2017 | Bolei Zhou, Hang Zhao, Xavier Puig, Sanja Fidler, Adela Barriuso, Antonio Torralba
The paper introduces the ADE20K dataset, a comprehensive resource for scene parsing, which includes densely annotated images with detailed segmentation of scenes, objects, and object parts. The dataset aims to address the limitations of existing datasets like COCO and Pascal by providing a wider range of scenes and object categories. The authors describe the dataset's collection process, annotation details, and statistical analysis, highlighting its richness and diversity.

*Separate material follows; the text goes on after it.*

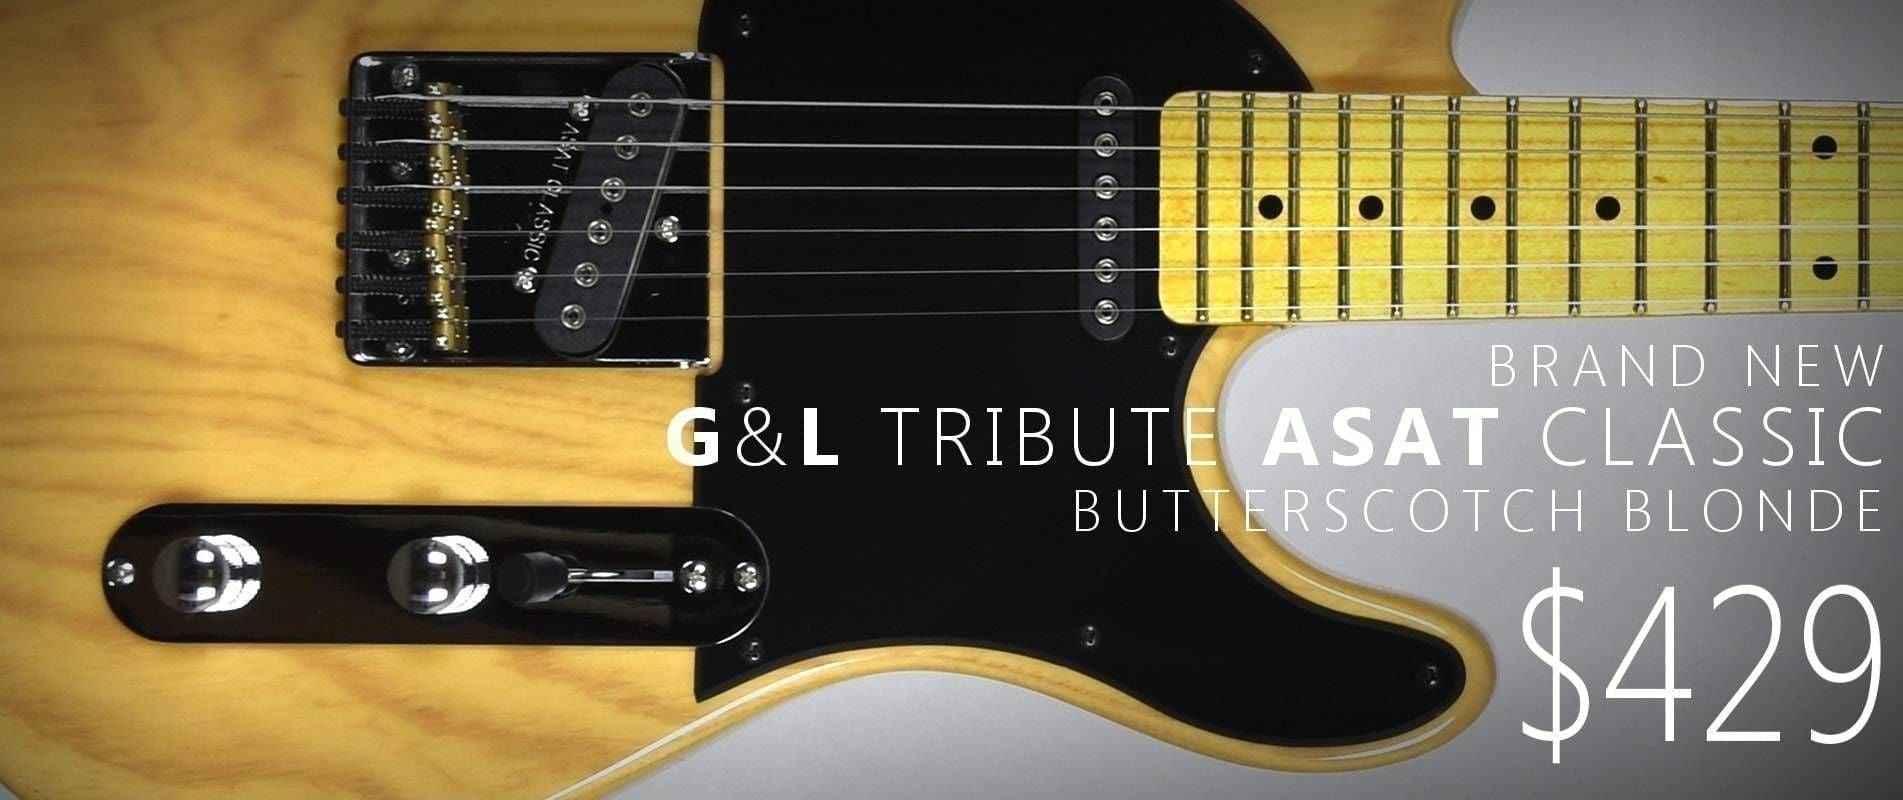 On Sale - G&L Tribute ASAT Classic Butterscotch Blonde

To improve scene parsing, the paper proposes a novel network design called the Cascade Segmentation Module. This module is designed to segment stuff, objects, and object parts in a cascaded manner, enhancing the performance of existing semantic segmentation models. The module is evaluated on the ADE20K benchmark, showing significant improvements over baseline models in terms of pixel accuracy and mean IoU.
The paper also explores the applications of scene parsing networks, including image content removal and scene synthesis. The results demonstrate the effectiveness of the proposed network design and its potential for practical computer vision tasks.The paper introduces the ADE20K dataset, a comprehensive resource for scene parsing, which includes densely annotated images with detailed segmentation of scenes, objects, and object parts. The dataset aims to address the limitations of existing datasets like COCO and Pascal by providing a wider range of scenes and object categories. The authors describe the dataset's collection process, annotation details, and statistical analysis, highlighting its richness and diversity.
To improve scene parsing, the paper proposes a novel network design called the Cascade Segmentation Module. This module is designed to segment stuff, objects, and object parts in a cascaded manner, enhancing the performance of existing semantic segmentation models. The module is evaluated on the ADE20K benchmark, showing significant improvements over baseline models in terms of pixel accuracy and mean IoU.
The paper also explores the applications of scene parsing networks, including image content removal and scene synthesis. The results demonstrate the effectiveness of the proposed network design and its potential for practical computer vision tasks.